RUBIAL GARCIA, Antonio. Holy Warrior, Martyrs, and Conquering Virgins. Temples, Dedications, and Festivals as Spaces of Memory and Subjection Around the Conquest of Mexico. Estud. hist. novohisp [online]. 2022, n.67, pp.69-111.  Epub 20-Ene-2023. ISSN 2448-6922.  https://doi.org/10.22201/iih.24486922e.2022.67.77715.
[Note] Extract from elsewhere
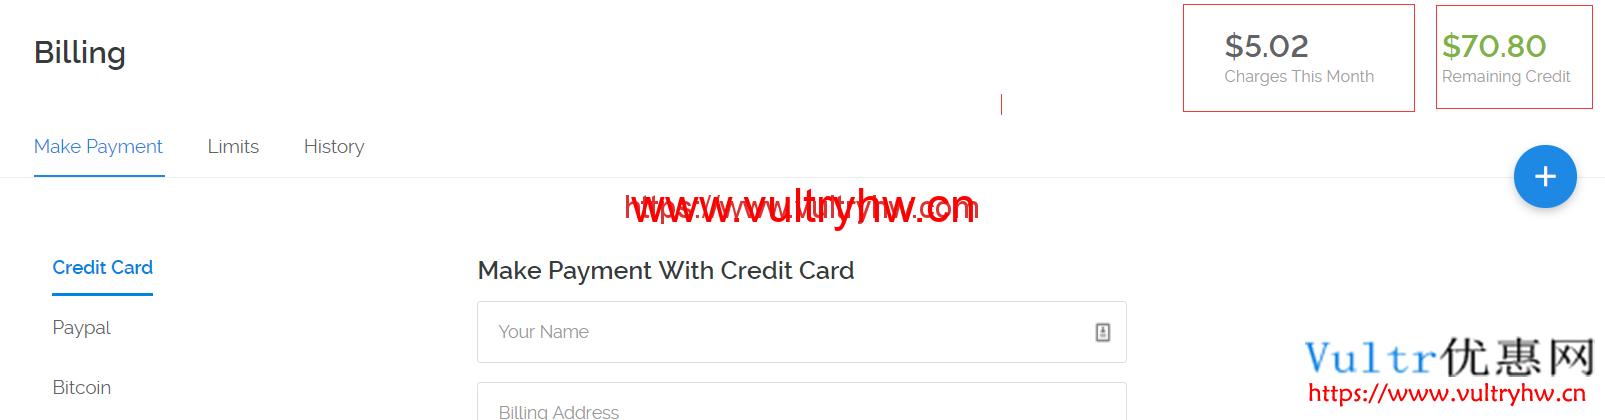 Vultr每月账单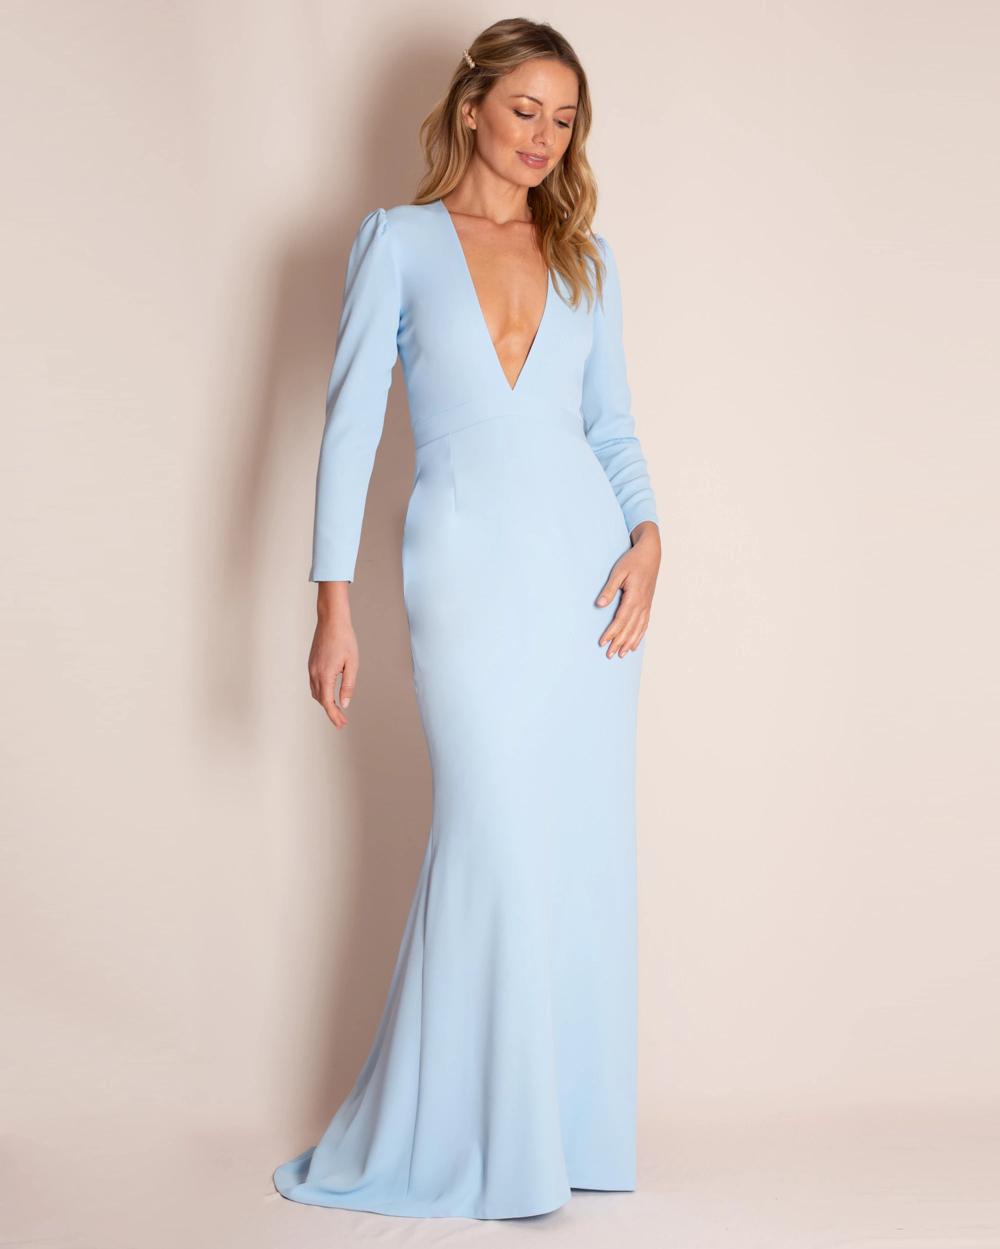 The Valerie Gown Silk Prom Dress Long Sleeve Dress Formal Long Blue Dress [ 1249 x 1000 Pixel ]

Temples and festivals constituted spaces in the Western world that kept maintained the memory alive and served as instruments of control and subjection. In Mexico City, first the conquerors and later the friars, built chapels dedicated to three holy warriors and the Vera Cruz [True Cross] whose help was considered essential in the victory against the devil and his worshipers. Through these chapels, the most significant events of the Spanish conquest of Tenochtitlan, appraised as a crusade to eradicate idolatries, were evoked. Over time these places and the festivals celebrated in them changed their meaning hand in hand with the transformation of the city and the emergency of new social actors. The first holy warriors were joined by the martyrs and the relatives of the Virgin Mary, saints more in line with the new times, while the images of Remedios and Guadalupe began to take on warrior characteristics, becoming the true extirpators of idolatries.

Palabras llave : Holy Warrior Martyrs; Tenochtitlan Conquest; Shrines of los Remedios y Guadalupe; Santiago Tlatelolco; Temple of San Hipólito; San Miguel Chapultepec; The Vera Cruz.